Outcome and focal regressor (the coefficient cross-validation reconciles by default).

None
covariates list of str
list()
fixed_effects list of str
list()
endog list of str

Endogenous regressors (IV).

list()
instruments list of str
list()
cluster list of str
list()
weights str
None
vcov str

Requested variance estimator ("iid", "HC1", "cluster" …).

None
term str

Focal coefficient to reconcile. Defaults to treatment (or the first endogenous regressor for IV).

None
extra dict

Estimand-specific extras forwarded verbatim (e.g. DiD time / unit / gname columns).

dict()

from_result classmethod

from_result(result: Any) -> 'EstimandSpec'

Best-effort recovery of a spec from a fitted StatsPAI result.
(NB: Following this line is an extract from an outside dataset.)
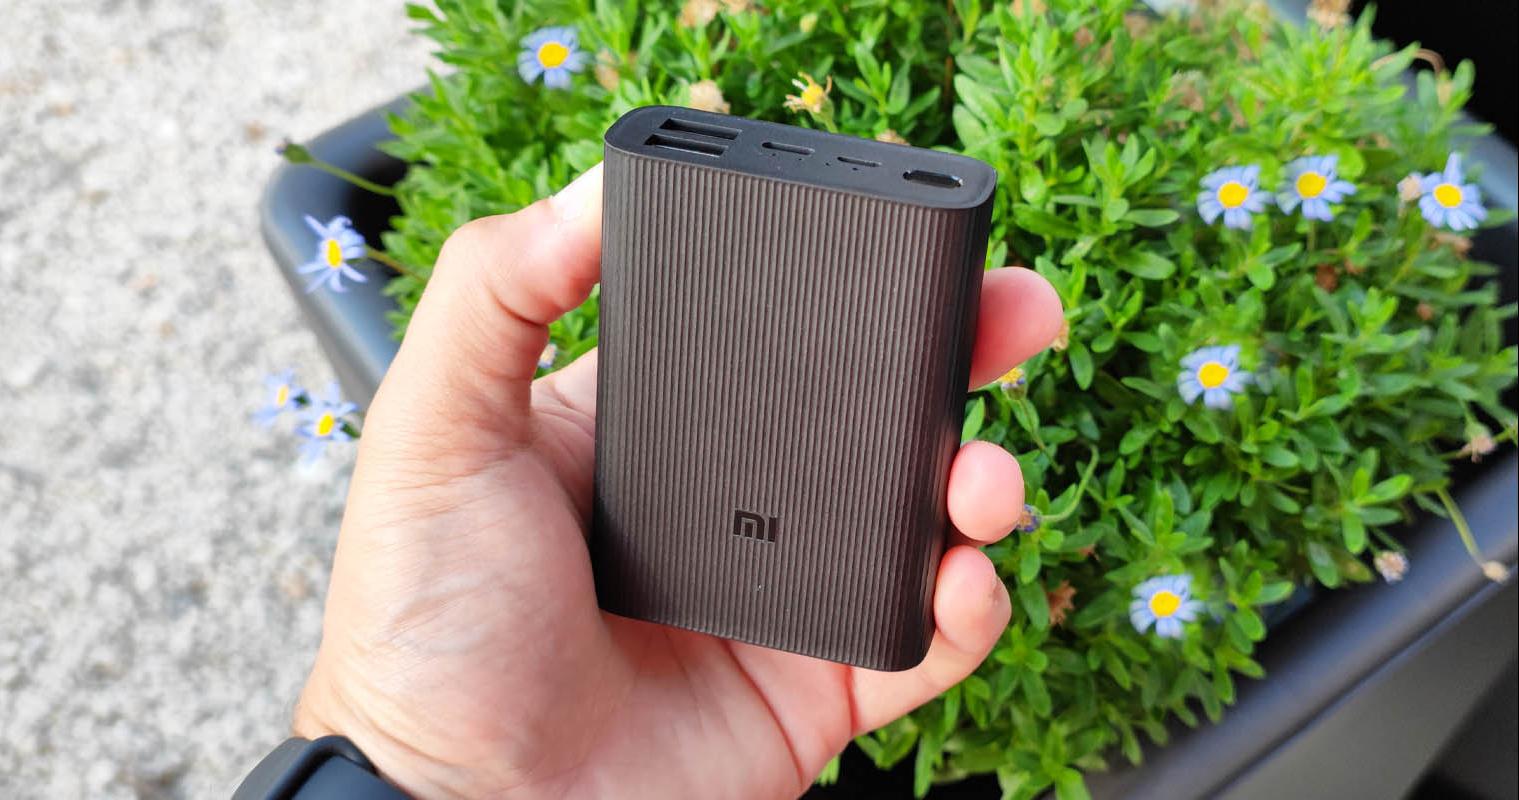 analisis-review-bateria-xiaomi-mi-power-bank-3-ultra-compact.jpg
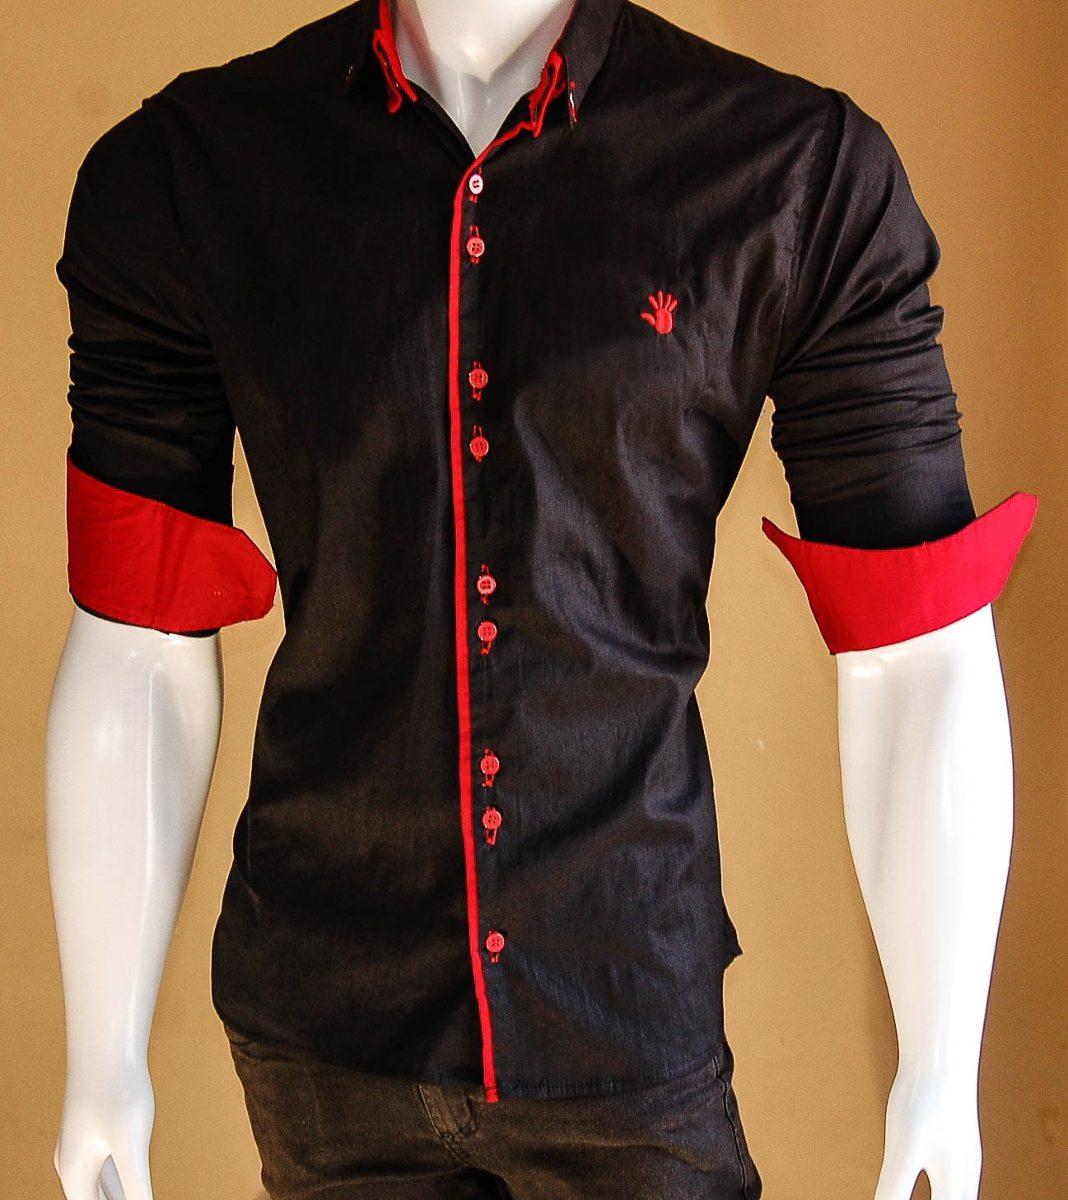 camisa social slim fit masculina fabrica o pronta entrega

Reads the metadata StatsPAI result objects commonly carry (estimand / formula / data / treatment column). Raises a clear error when the result does not expose enough to re-run it elsewhere — rather than guessing and silently cross-validating the wrong model.

focal_term

focal_term() -> str

Name of the coefficient cross-validation reconciles.

build_formula

build_formula() -> str

Construct a fixest-style formula from the structured fields.